В окнах окрестных домов заполыхало пламя, между машинами и домами туда-сюда с криками сновали люди, и в секунду, когда вышибло первые стекла, раздался двойной взрыв, и оба соседних с лавкой Антти дома накрыло огнем. От сильного жара мы попятились, офицер дал шоферу знак отогнать машину в безопасное место и медленно побрел следом, а я остался стоять, спину палил жестокий, как разъярившееся солнце, жар.
Пройдя несколько шагов, офицер остановился, вернулся назад и потянул меня за собой, внизу у моста он достал кисет и предложил мне закурить.
Я отказался.
— Это мы тоже должны сжечь, — сказал он, кивнув на лавку Антти, а из его дрожащих ноздрей выползли, как белые змеи, две струйки дыма.
— Я могу это сделать, — вызвался я. — Я не боюсь, — прибавил я. — Не боюсь ничего.
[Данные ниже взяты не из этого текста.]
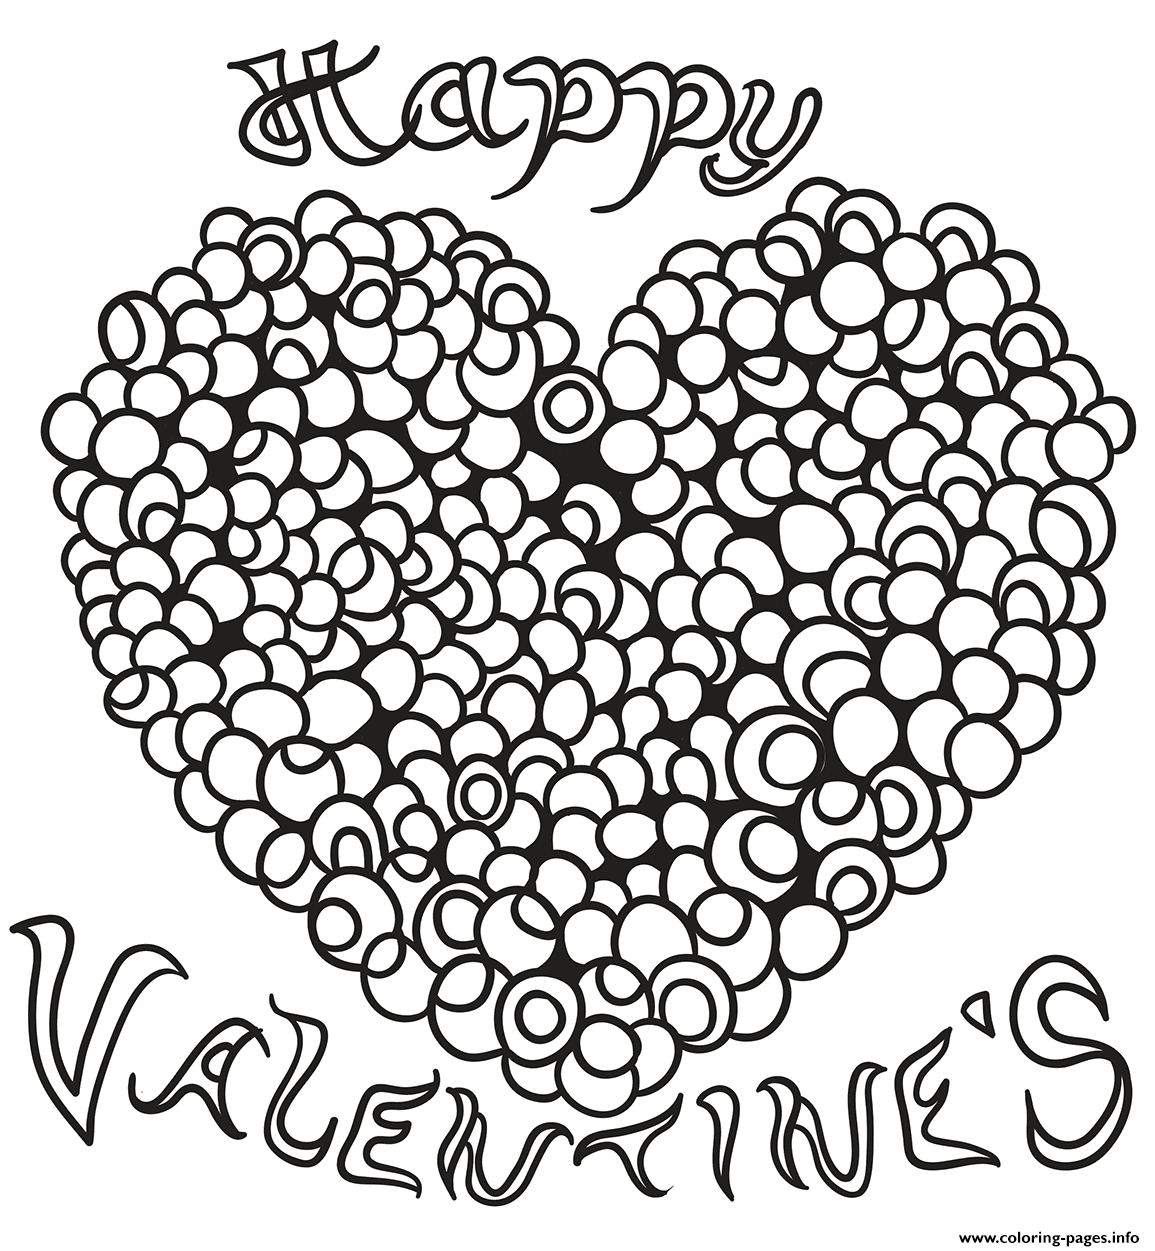 Happy Valentines Heart Adult coloring

Теперь жарило так, что нельзя было стоять уже и на улице. Я видал пожары прежде, но не так близко, и одиночные, сейчас же меня совершенно сбило с панталыку не столько то, что невыносимо пекло, а звуки: взрыв, его подхватывал следующий — без промежутка, как непрерывное извержение мощного вулкана, порождающее шквальный ветер, в нашем безветренном аду вдруг разыгралась настоящая буря.
— Война без пожаров что сосиски без горчицы! — прокричал офицер мне в ухо. — Идем.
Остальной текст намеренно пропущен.